The French Ambassador to the United Nations, Nicolas de Rivière, affirmed Paris’ full support for ECOWAS’ sanctions because Malian authorities did not respect ECOWAS demands and obligations in terms of a speedy return to the democratic process.
French anger in this context is understandable. It saw the Malian demonstrations and a hostile military that France did not expect and did not want. France fought against such a change in power for decades by passing whoever it deemed to be at its mercy into power, while suppressing and oppressing peoples with a tyrannical, dictatorial rule that hardly allows their voices to be heard.
However, Mali expelled the French ambassador on January 31, giving them 72 hours to leave the country.
As for Russia, it demanded an understanding of the position of the Malian authorities. The Assistant Russian Ambassador to the United Nations, Dmitry Polyansky, called during a meeting of the UN Security Council devoted to West Africa and the Sahel region, to show the necessary respect for the Republic of Mali and its efforts aimed at restoring order in the country, calling for an understanding of the difficulties they face. Without the return of the state’s authority to many regions of the country, it will not be possible to take into account the credibility of the election results, according to Russia.

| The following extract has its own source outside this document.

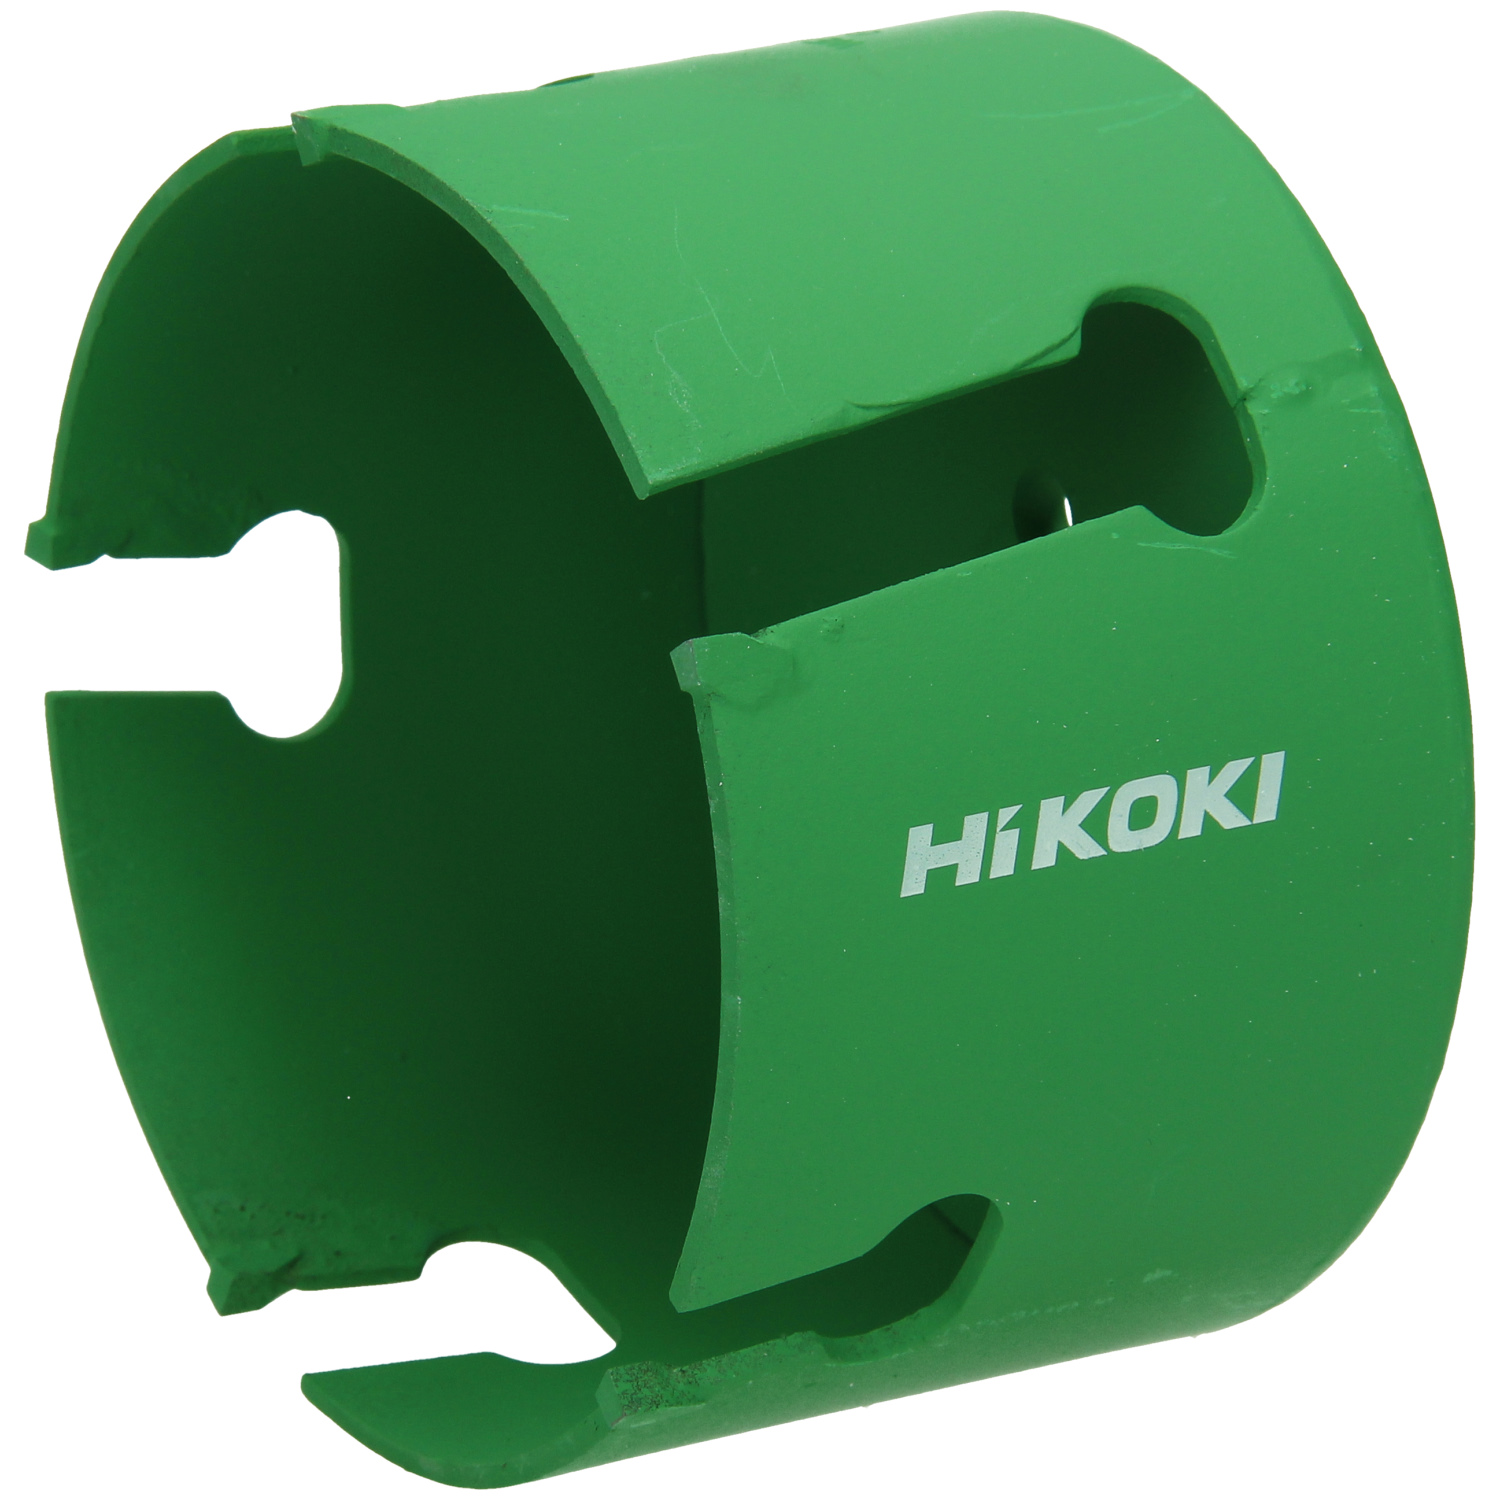 Hikoki HM-Lochsäge 102mm / -754230

The Russian position, consistent with the vision of the military government in Mali, rebuffs the Western presence that has begun to recede from Mali. It is a prelude to the expected Russian presence, whether in the form of security companies (Wagner) or direct support by Russian military forces.
These popular demonstrations may constitute the beginning of a real departure for the French colonialist and a decline in its role in West Africa. It may form the nucleus of a popular legitimacy that would constitute a lever for stable rule in the coming days.
Kribsoo Diallo is a Cairo-based Pan-Africanist researcher in political science related to African affairs. He has written for many African magazines and newspapers. Diallo has contributed to translated editions of papers and articles in Arabic and English for several research centers within the African continent.